Только ад начался раньше. И именно потому, что он начался, многие так и не поняли, за что мы воюем.
Ад не всегда такой, как на фресках Страшного суда.
Ад часто может выглядеть очень ярко: это могут быть пёстрые шоу, фестивали извращенцев. Ад приходит в дорогой шмотке, в стендапе, где ухохатываются над тем, что свято и дорого для многих.
Костер ада может начинаться с костра «Дома-2», с телеколдуньи, со сплетен о суррогатных детях бесполых знаменитостей, с пожаренного ради лайков шашлыка на вечном огне, с испражнения на могилу в стриме, с блогера, врущего о Церкви и её священниках.

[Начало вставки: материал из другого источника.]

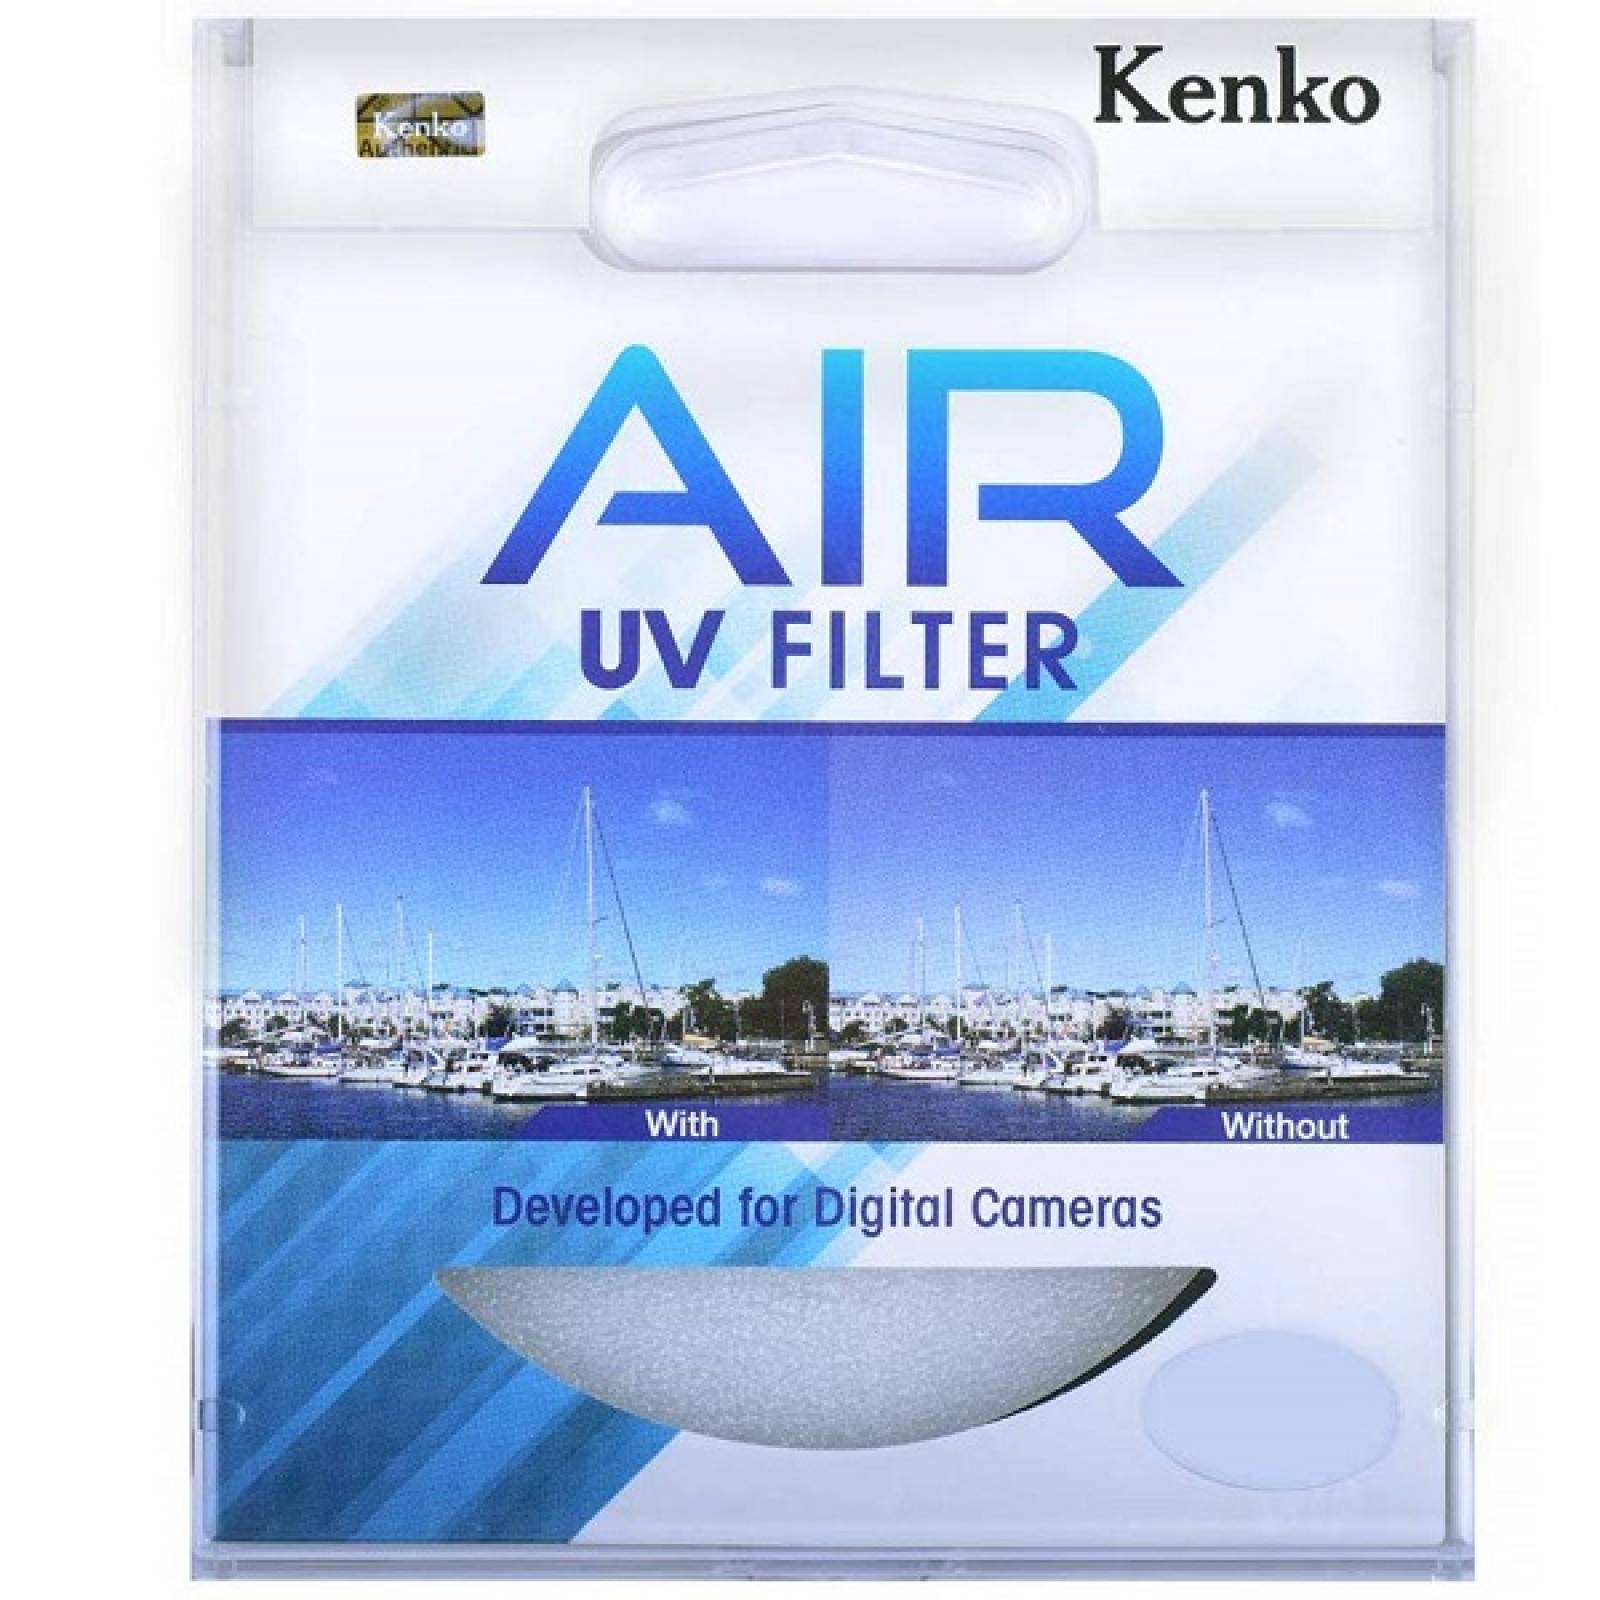  Filtro UV Air Kenko Diametro 67mm modelo 226793

Мы это слушали, мы в этом жили, мы это смотрели, мы это кликали, мы этому аплодировали. А того, кто мог выйти и прямо сказать нам, вроде отца Дмитрия Смирнова: «Ты в аду, сынок», — мы высмеивали, забалтывали, теснили в маргиналы.
После 70-летия советского духовного морока нас стало пугать слово «идеология». И каждого, кто говорил, что «без идеи, без цели своего существования, без своего большого сформулированного проекта Россия не сможет, погибнет — это особенность русского сознания», мы так же забалтывали. И по-прежнему стыдливо меняли тему, когда нам показывали на Церковь как, может, на главный ключ к пониманию себя и России.
Мы не хотели грузиться. Нам было весело. Нам было смешно. И это был ад. Начало ада.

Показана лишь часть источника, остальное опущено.